A empreiteira Passarelli recuou e afirmou que vai refazer o trecho de interceptores de esgoto que rodou no início de dezembro do ano passado na região do Jardim Chapadão. O DAE havia concedido prazo até ontem à tarde para que a vencedora da licitação assumisse repor o trecho de 26 metros de tubo e ainda restaurar outros 1.000 metros que foram instalados com fissura na altura da Avenida Nuno de Assis. A responsável pela obra desistiu de rejeitar a reposição do trecho que rodou e assumiu concluir as duas partes pendentes do contrato.
Mas alguns detalhes ainda precisam ser esclarecidos para que o programa de tratamento de esgoto seja retomado em Bauru. Na sexta-feira passada, segundo o DAE, a Passarelli “enviou cronograma das obras para repor os interceptores de esgoto, no trecho às margens da avenida Nuno de Assis, que apresentaram fissura. Entretanto, as datas não foram especificadas. A autarquia enviou contraproposta para que a construtora mencione, no prazo de 5 dias, as datas no cronograma”, informou a assessoria em nota.
Quanto ao trecho que rodou, na altura do Jardim Chapadão, conforme revelou o JC com exclusividade no final do ano passado, o presidente Giasone Cândia disse que o acordo administrativo depende de ajustes. “Também na sexta-feira última, um técnico da citada empresa iria analisar o local onde os interceptores de esgoto romperam em razão do assoreamento do Rio Bauru, na altura do Chapadão. Mas em ata, em reunião no DAE, os responsáveis pela empresa assumiram a reconstrução também desse trecho”, ampliou.
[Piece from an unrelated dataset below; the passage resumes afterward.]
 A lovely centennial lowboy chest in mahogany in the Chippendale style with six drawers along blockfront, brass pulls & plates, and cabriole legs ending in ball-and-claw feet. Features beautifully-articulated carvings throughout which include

Os detalhes dizem respeito a cronograma de execução e forma de pagamento. Segundo Cândia, a Passarelli queria antecipação de pagamentos. “Isso nós não vamos fazer em desacordo com a legislação e com o interesse público. Os recursos (cerca de R$ 3 milhões) para suportar essa parte da obra, para concluir esta licitação, já estão garantidos e retidos pelo DAE. Mas antecipação de recurso para conclusão de obra é algo que temos de discutir e queremos definição rápida para isso porque já está demorando. Também enviamos contra notificação para ficar claro o cronograma de execução, senão a retomada e conclusão da obra ficam em aberto e não queremos isso”, finalizou o presidente.
Paralisação
O programa de tratamento de esgoto em Bauru está parado há meses. De um lado, o primeiro trecho de interceptores não é finalizado em razão das pendências acima. De outro, a licitação para o trecho final, orçado em quase R$ 20 milhões, não sai em virtude de suspensão do edital promovida pelo Tribunal de Contas do Estado (TCE). O DAE tenta reverter a situação.
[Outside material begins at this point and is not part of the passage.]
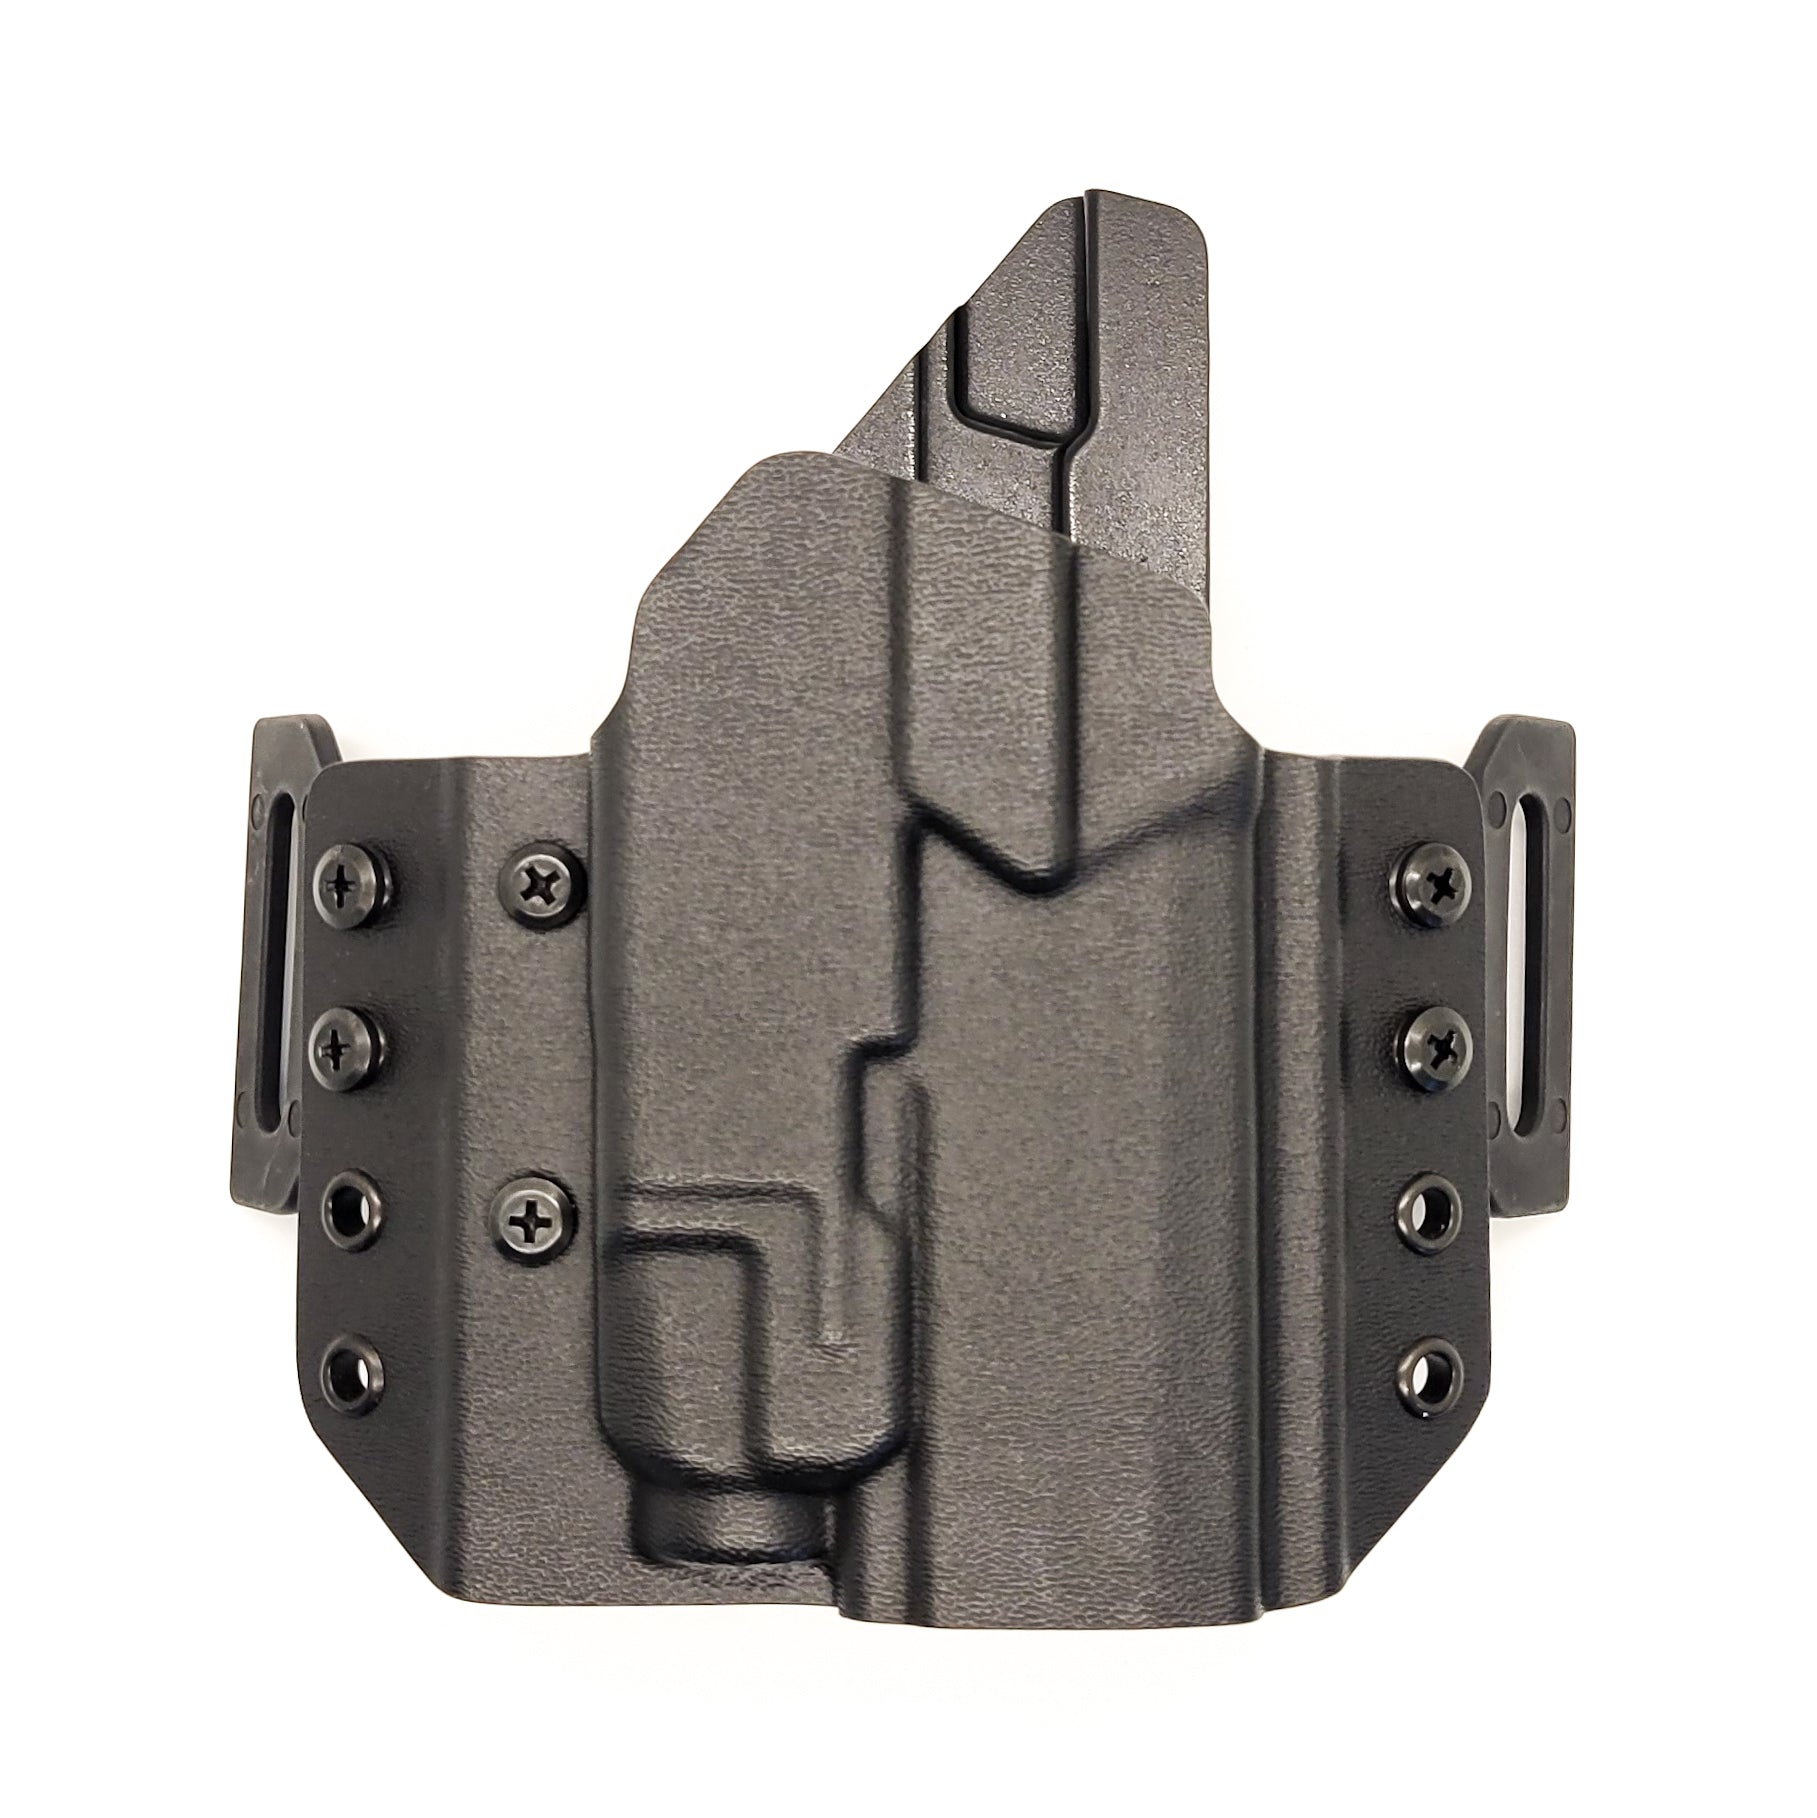 Outside Waistband Pancake Style Kydex holster designed to fit the Sig Sauer P320 Compact, Carry & M18 with the Streamlight TLR-7 or TLR-7A. Full sweat guard, adjustable retention, open muzzle cleared for a red dot sight. Proudly made in the USA for veterans & law enforcement. TLR7 TLR7A P 320 X-Carry XCarry XCompact

Há divergência em medição de serviços executados pela Passarelli pendente há meses em relação ao mesmo contrato. Por conta disso, o DAE reteve o equivalente a mais de mais de R$ 3 milhões. A obra a olho nu tinha sido concluída, mas a empresa não realizou a entrega formal do serviço para a autarquia. Como o trecho de 26 metros de interceptor rodou no início de dezembro passado, quando o canteiro de obras já estava desmobilizado, mas sem o DAE assumir o trecho, a Passareli foi cobrada a refazer esta parte.
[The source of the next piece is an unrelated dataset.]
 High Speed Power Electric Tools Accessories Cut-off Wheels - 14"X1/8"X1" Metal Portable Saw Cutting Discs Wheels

A Diretoria de Planejamento do Departamento de Água e Esgoto (DAE), através dos diretores de planejamento e de serviços de projetos, respectivamente Nucimar Paes e Fernando Offerni, enfatizaram que a obra não foi entregue pela empreiteira. “A obra não foi entregue pela construtora vencedora da licitação até porque ela não reparou problemas em outro trecho. Pelo contrato ela é responsável pela manutenção da obra nas condições ideais até a entrega ao DAE. A construtora será notificada a reparar o problema e instalar novos tubos no trecho que rodou”, abordou Nucimar Paes quando da ocorrência, no final do ano passado.